A Brief History of the San Juan Cathedral

San Juan Cathedral in Old San Juan | © arctic_whirlwind / Flickr
San Juan Cathedral in Old San Juan | © arctic_whirlwind / Flickr
Photo of Mariela Santos
6 June 2017

Travelers in the Puerto Rican capital city of San Juan have many attractions available for them to enjoy. In Old San Juan specifically, there are many historic structures to visit, with the San Juan Cathedral, or Cathedral of San Juan Bautista, being one of those buildings. Keep reading to learn more about this unique cathedral that dates back centuries to Spanish rule on the island and is still in use today.

Spanish rule and the spread of Catholicism

After explorer Christopher Columbus arrived in the Americas and contributed to the Spanish rule in the region, the Catholic religion was imposed on the Taíno indigenous community and enslaved Africans, according to the Smithsonian.
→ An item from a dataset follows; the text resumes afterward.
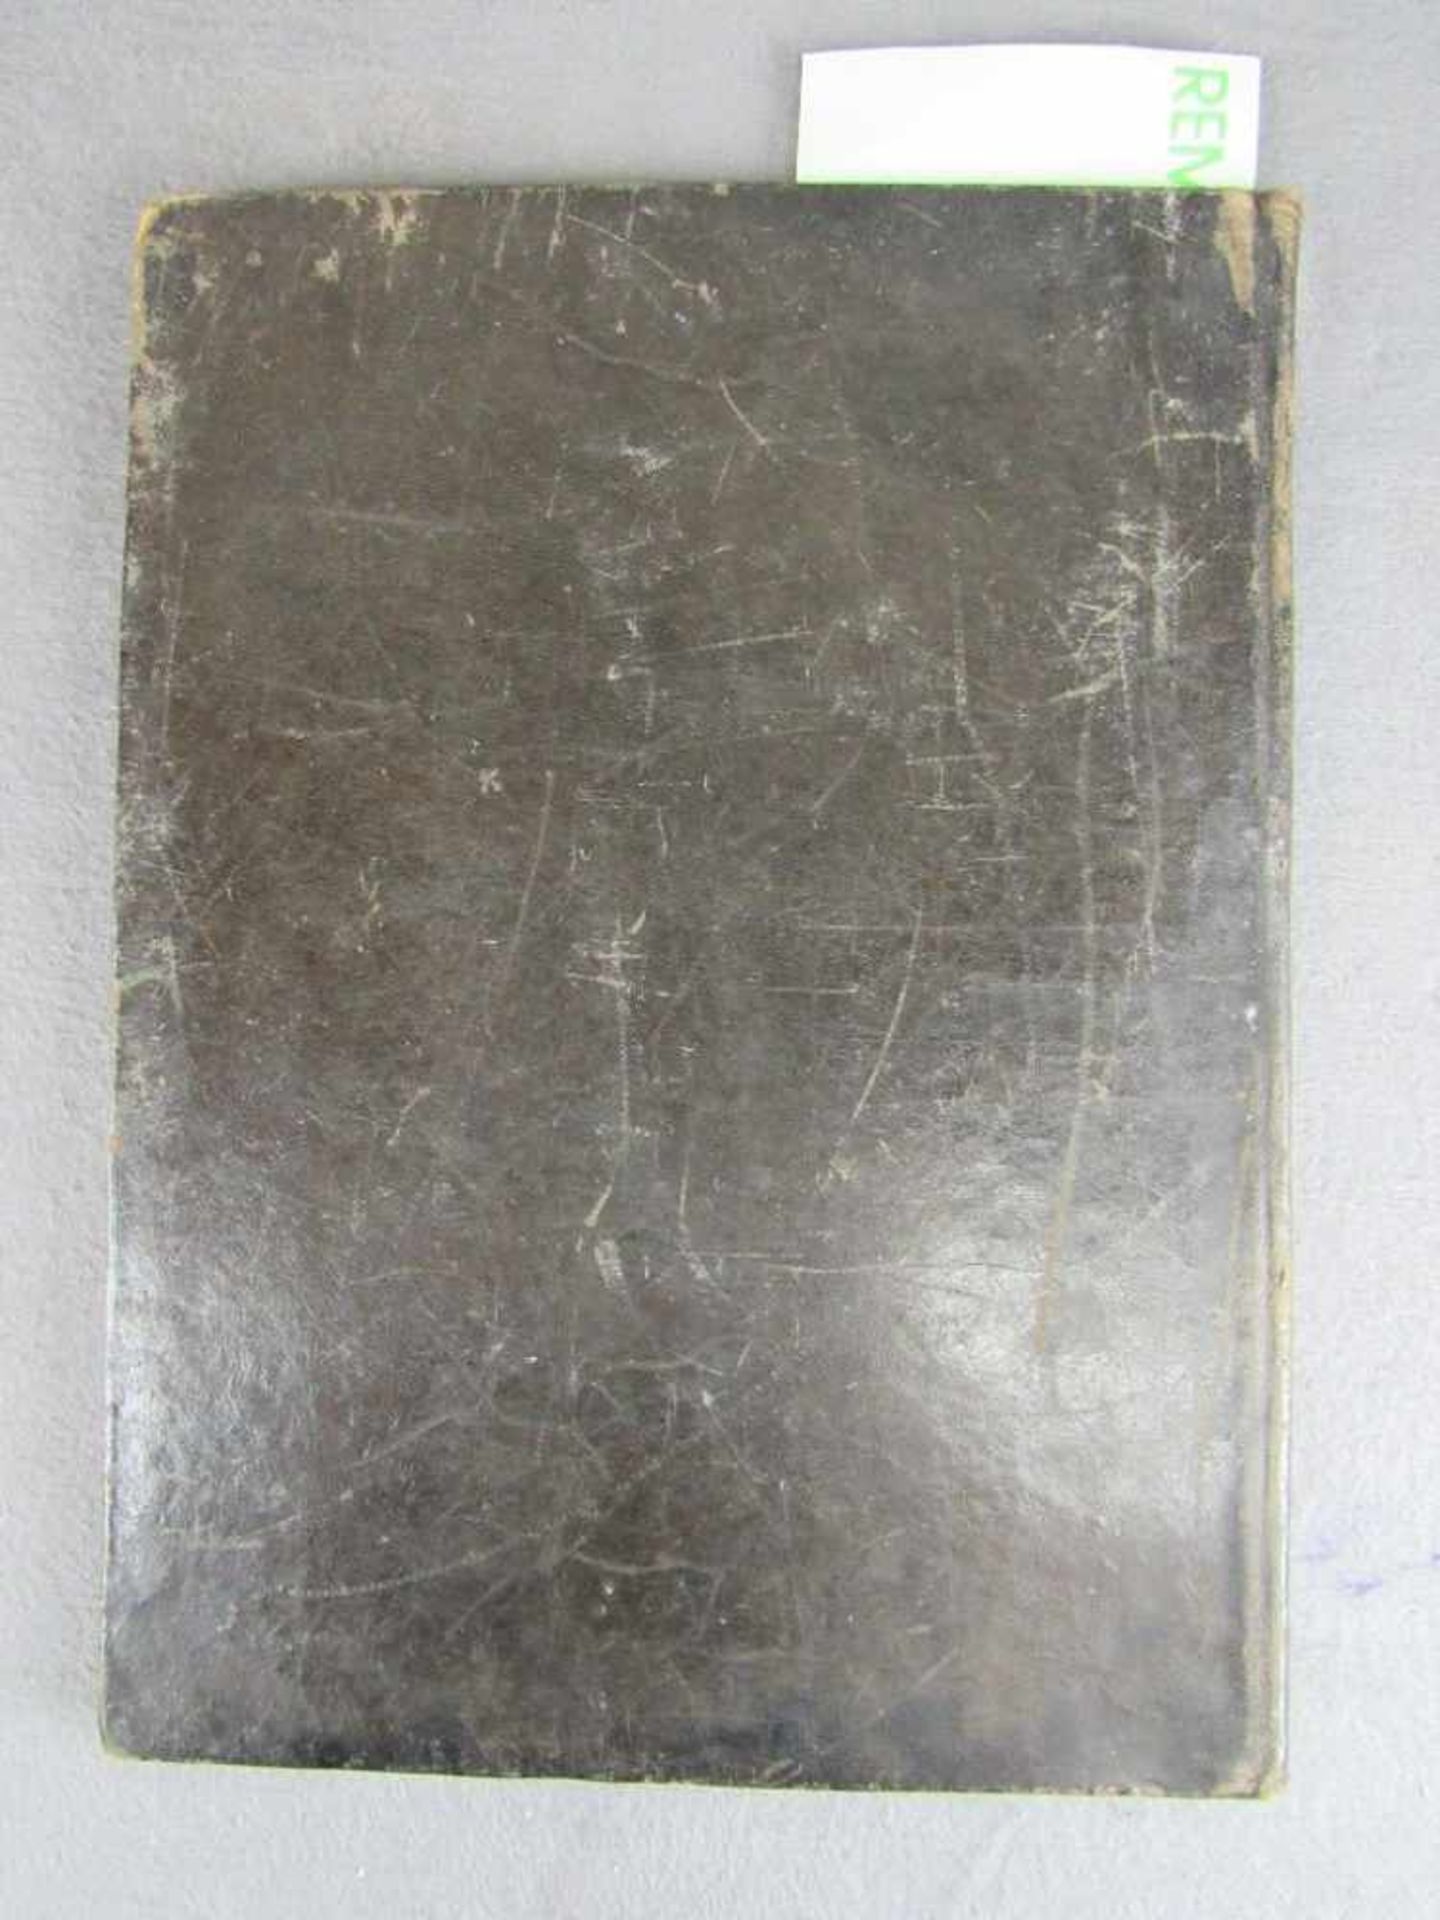 Antikes Buch Christlich in Leder gebundenes Pergament Latain Din A4- - -20.00 % buyer's premium on - Image 7 of 7

The building of the San Juan Cathedral was part of the establishment and spread of Catholicism on the island, with the construction of many other churches following—some of them are still in operation.

The Puerto Rican flag behind a Christian statue | © Bobby Hidy/ Flickr

The San Juan Cathedral’s history

Named after Saint John the Baptist and built in 1521, the San Juan Cathedral is the second oldest Roman Catholic cathedral in the Americas and the oldest on United States soil. The cathedral has gone through various changes over the years, partly because the original was made of wood and torn down by a hurricane, only for the rebuilt church to suffer through a second hurricane years later. Another event that affected the structure was looting ordered by the Earl of Cumberland in 1598.

Inside San Juan Cathedral during Christmastime | © Connie/ Flickr

The cathedral today

A visit to the Gothic-style cathedral exposes travelers to notable features of the structure, including the ornately decorated ceiling, stained-glass windows, and the resting place of two famous men: the Spanish explorer Juan Ponce de Leon and St. Pius. The cathedral sits just across the street from what is now the boutique hotel El Convento, a former convent. Also, the structure currently serves the important function of being the seat of Puerto Rico’s Archdiocese, and home to the Archbishop of San Juan, Roberto González Nieves.

Masses continue to take place at the cathedral throughout the week, and it’s not uncommon to see newly married couples descending the front steps along with their wedding guests.

The cathedral is a must-visit stop when carrying out a walking tour of architectural treasures in Old San Juan. Nearby attractions include the Capilla del Cristo, Plaza de Armas, the Parque de las Palomas or Pigeon Park, and the Governor’s residence and main office, La Fortaleza.